About Peg Dawson and Richard Guare
Peg Dawson, EdD, is a staff psychologist at the Center for Learning and Attention Disorders at Seacoast Mental Health Center in Portsmouth, New Hampshire, where she specializes in the assessment of children and adults with learning and attention disorders. Dr. Dawson is a past president of the New Hampshire Association of School Psychologists, the National Association of School Psychologists, and the International School Psychology Association. She is a recipient of the National Association of School Psychologists’ Lifetime Achievement Award.
Richard Guare, Ph.D., BCBA-D is a Clinical Psychologist with a specialization in Neuropsychology and a board-certified behaviour analyst.

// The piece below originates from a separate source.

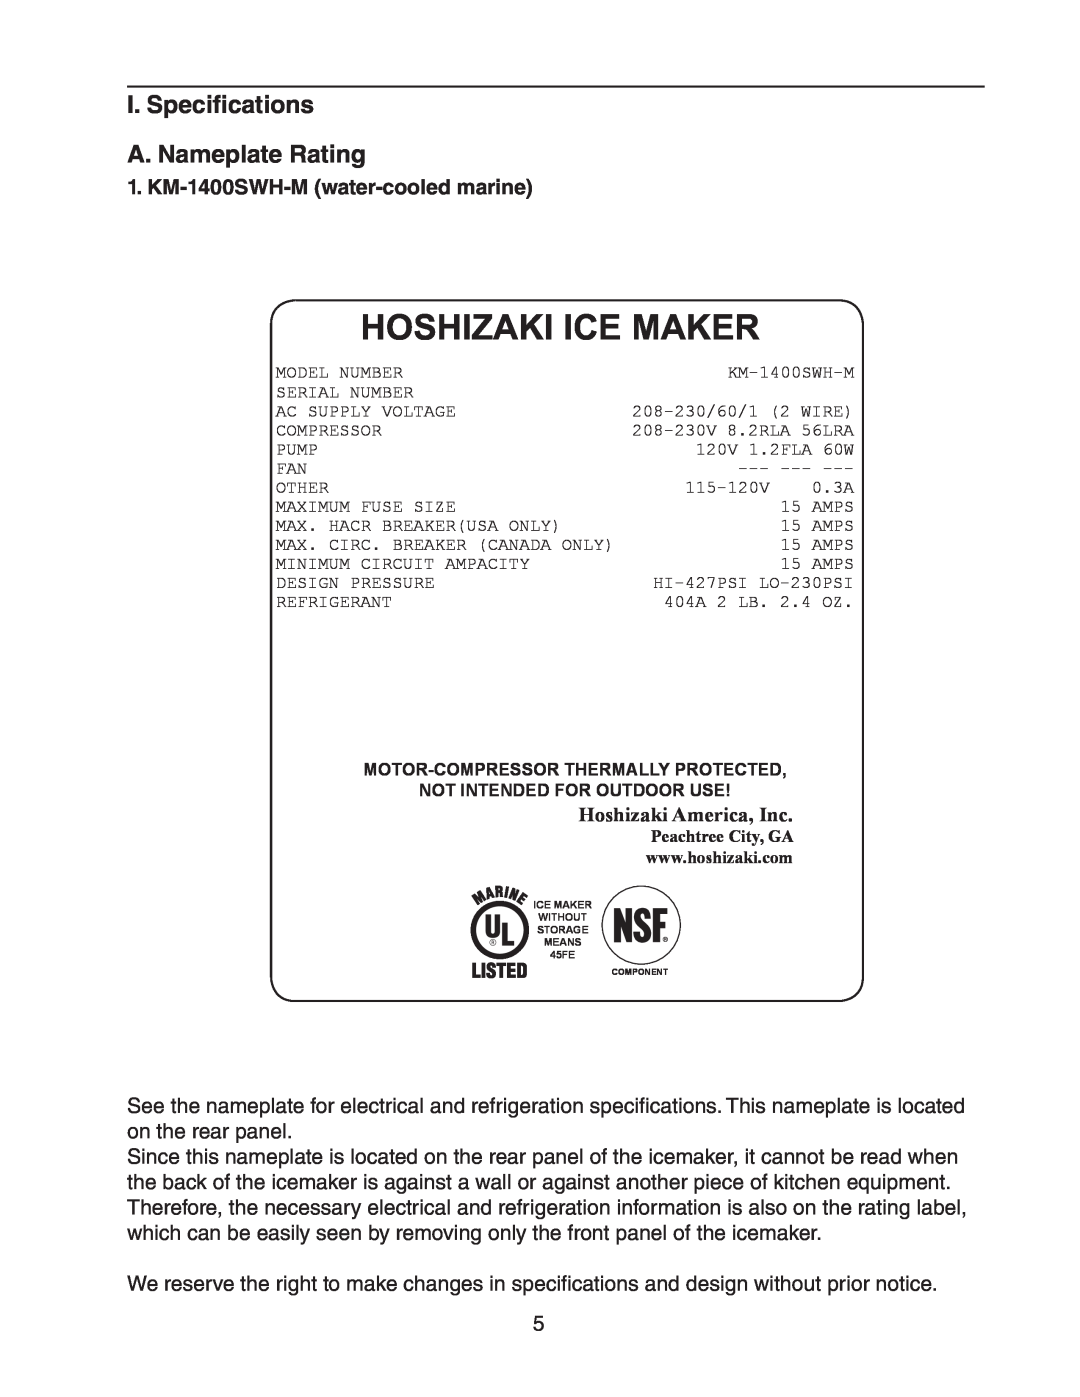 Hoshizaki KM-1400SWH/3-M Hoshizaki Ice Maker, I. Specifications A. Nameplate Rating, KM-1400SWH-M water-cooledmarine

For 25 years he was the director of the Center for Learning and Attention Disorders at Seacoast Mental Health Center in Portsmouth, NH where he worked with families and schools on intervention strategies. Dick received his doctorate in Clinical/School Psychology from the University of Virginia and completed a postdoctoral fellowship in Neuropsychology at Children’s Hospital Boston and the Boston VA Medical Center. His interests are in the areas of attention, learning and behavior challenges and the development of executive skills.
About The Book
“You know your son or daughter has the brains and the heart to succeed. Yet teachers, your friends, maybe your own parents, and that nagging little voice in your head all say the child isn’t where he or she should be. You’ve tried everything— pleading, yelling, cajoling, bribing, explaining, maybe even threatening or punishing your child to get him to buckle down and do what’s expected of him or muster up the self-control to act his age. Nothing has worked.
That’s because what your child may lack is skills. You can’t talk children into using skills they don’t have any more than the right incentive could get you safely down a black diamond run when you can’t even ski the bunny hill. Your child may very well want and have the potential to do what’s required but just doesn’t know how. Scientists who study child development and the brain have discovered that most children who are smart but scattered simply lack certain habits of mind called executive skills. These are the fundamental brain-based skills required to execute tasks: getting organized, planning, initiating work, staying on task, controlling impulses, regulating emotions, being adaptable and resilient-just about everything a child needs to negotiate the typical demands of childhood in school, at home, and with friends. Some kids lack certain executive skills or lag behind in developing them.”
I first picked up Smart but Scattered after finishing Ross Greene’s The Explosive Child, where he shares an insight that forever changed how I see kids: children do well when they can. Not when they “want to,” not when you bribe them with ice cream, and definitely not when you threaten to take away Wi-Fi.
Which means that behind the tantrums, the unfinished homework, the “I’ll do it later” chorus, there’s usually not a willpower problem – it’s a skills problem. Executive skills, to be exact. And here’s the genius of Dawson and Guare: instead of leaving parents stuck in the “nag-yell-regret” cycle, they hand us a map to actually build those missing skills and help kids reach their full potential. Suddenly it’s not parent vs. child anymore, it’s parent & child vs. the problem.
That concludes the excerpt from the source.